From the Guidelines
Testosterone replacement therapy (TRT) can potentially cause pituitary problems through a mechanism called negative feedback suppression, but this suppression is generally reversible and considered a normal physiological response rather than a pathological problem. When external testosterone is administered, the body detects elevated testosterone levels in the bloodstream, which signals the pituitary gland to reduce its production of luteinizing hormone (LH) and follicle-stimulating hormone (FSH) 1. This suppression can lead to decreased pituitary function while on TRT, but it is expected to be reversible upon discontinuation of therapy.
Common TRT formulations include testosterone cypionate or enanthate injections (typically 100-200mg weekly or biweekly), transdermal gels (AndroGel, Testim, 50-100mg daily), or pellet implants (inserted every 3-6 months) 1. The pituitary suppression is considered a normal physiological response rather than a pathological problem. However, prolonged use may lead to testicular atrophy and potentially make recovery of natural testosterone production more difficult if TRT is discontinued.
Patients on TRT should have regular monitoring of hormone levels, including testosterone, estradiol, LH, and FSH, to ensure appropriate dosing and to watch for any unexpected pituitary issues 1. If fertility is a concern, additional medications like HCG (human chorionic gonadotropin) may be prescribed alongside TRT to maintain testicular function. The annual cost in 2016 per beneficiary for TRT was $2135.32 for the transdermal and $156.24 for the intramuscular formulation, according to paid pharmaceutical claims provided in the 2016 Medicare Part D Drug Claims data 1.

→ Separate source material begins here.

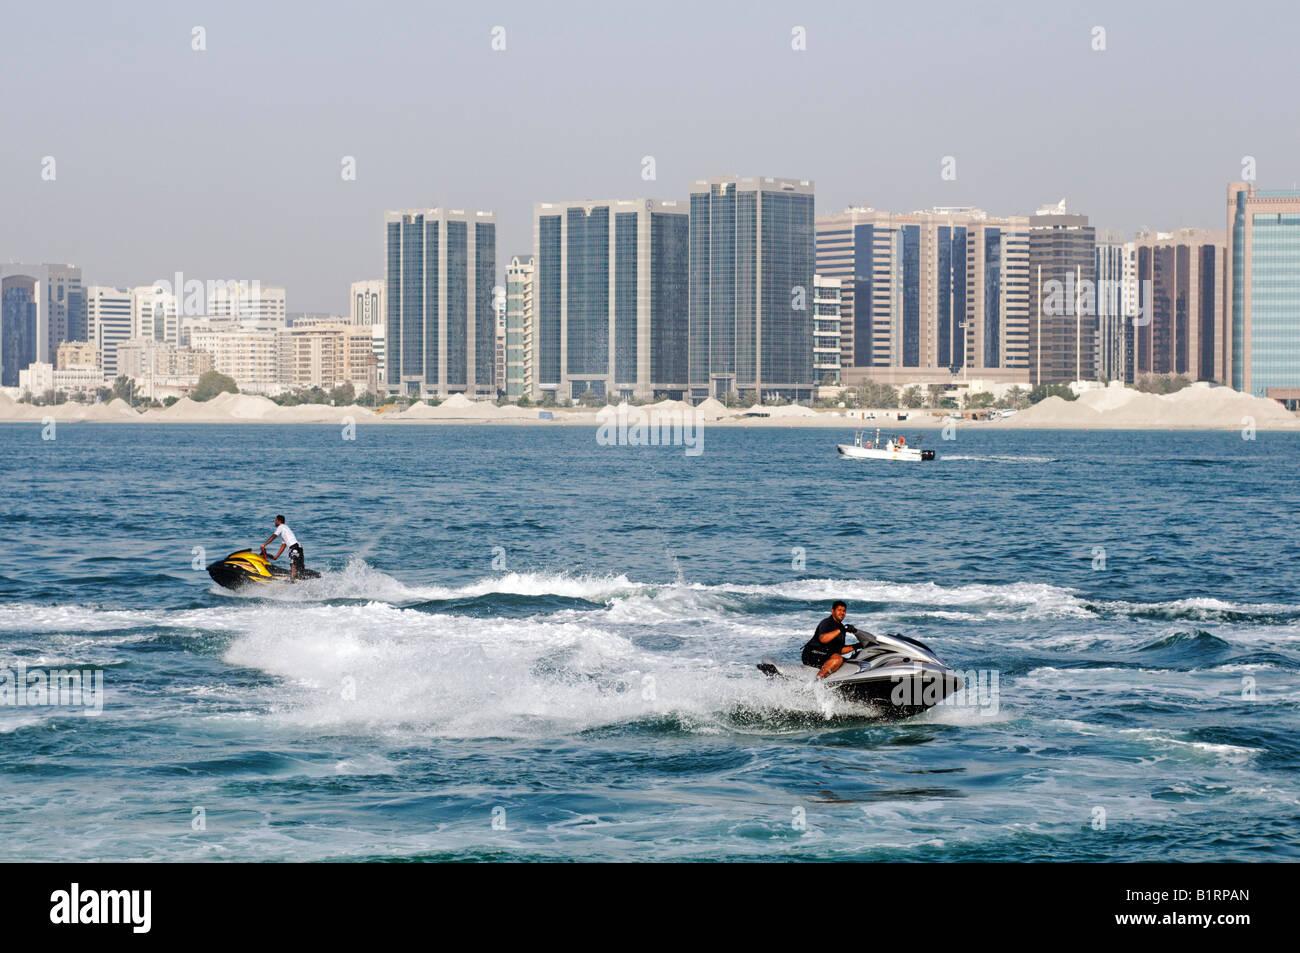 Jetboat Rider in front of the skyline of the Abu Dhabi City, Emirat Abu Dhabi, United Arab Emirates, Asia Stock Photo

Some key points to consider when evaluating the potential for pituitary problems with TRT include:
- The mechanism of negative feedback suppression and its potential impact on pituitary function
- The reversibility of pituitary suppression upon discontinuation of TRT
- The importance of regular monitoring of hormone levels to ensure appropriate dosing and detect any unexpected pituitary issues
- The potential for prolonged use to lead to testicular atrophy and impact recovery of natural testosterone production
- The consideration of additional medications like HCG to maintain testicular function if fertility is a concern.

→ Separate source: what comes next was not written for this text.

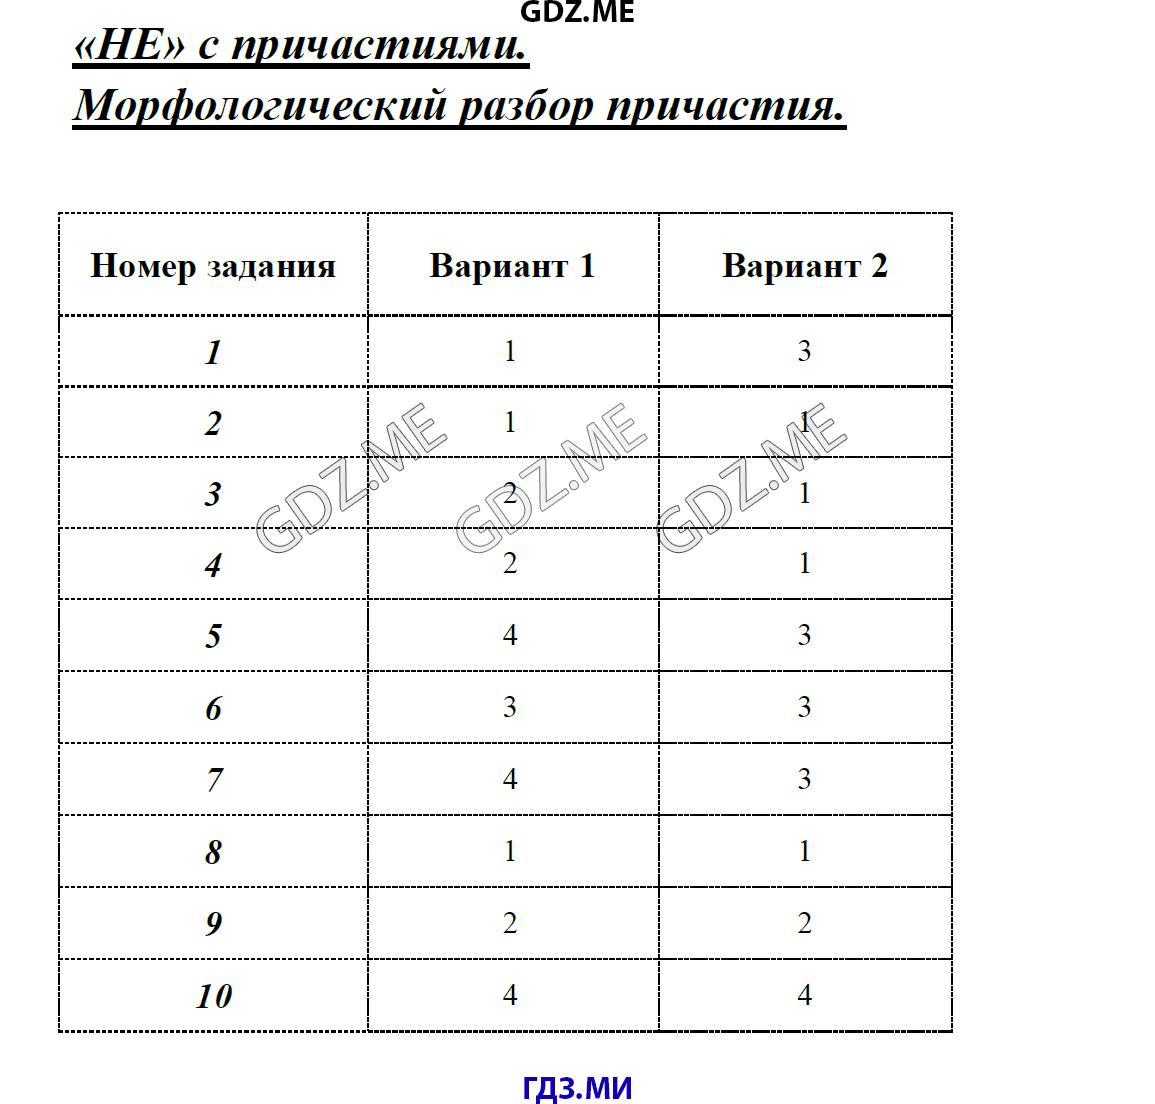 Гдз ответы на тест по русскому языку 7 класс тема причастия

Overall, while TRT can potentially cause pituitary problems, the suppression is generally reversible and considered a normal physiological response. Regular monitoring and consideration of individual patient factors can help minimize the risks associated with TRT.
From the FDA Drug Label
Increased pituitary weight was seen in both sexes. During treatment with large doses of exogenous androgens, including testosterone gel 1.62%, spermatogenesis may be suppressed through feedback inhibition of the hypothalamic-pituitary-testicular axis
Testosterone replacement therapy (TRT) may cause pituitary problems due to feedback inhibition of the hypothalamic-pituitary-testicular axis, which can lead to suppression of spermatogenesis. Additionally, increased pituitary weight has been observed in animal studies. However, the clinical significance of these findings in humans is unclear. 2
- Key points:
- Feedback inhibition of the hypothalamic-pituitary-testicular axis
- Suppression of spermatogenesis
- Increased pituitary weight (observed in animal studies) However, these findings do not provide clear evidence of pituitary problems in humans. Therefore, caution is advised when using TRT, and patients should be monitored for any potential adverse effects on the pituitary gland.
From the Research
Testosterone Replacement Therapy and Pituitary Problems
- Testosterone replacement therapy (TRT) may cause pituitary problems due to its effect on gonadotropin secretion 3.
- The administration of testosterone can slow down LH pulse frequency in men, which may be caused by an effect on the hypothalamic GnRH pulse generator or a direct action on the pituitary 3.
- A study found that testosterone administration suppressed the mean serum LH level to about 50% of the value during GnRH alone and suppressed the mean serum FSH level to about 30% of the value during GnRH alone 3.
Mechanism of Action
- The direct pituitary effect of testosterone to inhibit gonadotropin secretion in men is partially mediated by aromatization to estradiol 4.
- Administration of testosterone or estradiol resulted in decreased mean levels of biologically and immunologically active LH and FSH, while administration of dihydrotestosterone did not alter gonadotropin secretion 4.
Clinical Implications
- The use of testosterone replacement therapy may be associated with cardiovascular risks, although the evidence is still controversial 5.
- The pharmacology of testosterone replacement therapy preparations is complex, and the choice of formulation depends on various factors, including patient participation 6.
- A study found that biweekly injections of 200 mg testosterone cypionate resulted in wide variations in circulating androgen levels, from high to elevated shortly after injection, declining to basal by days 13 to 14 7.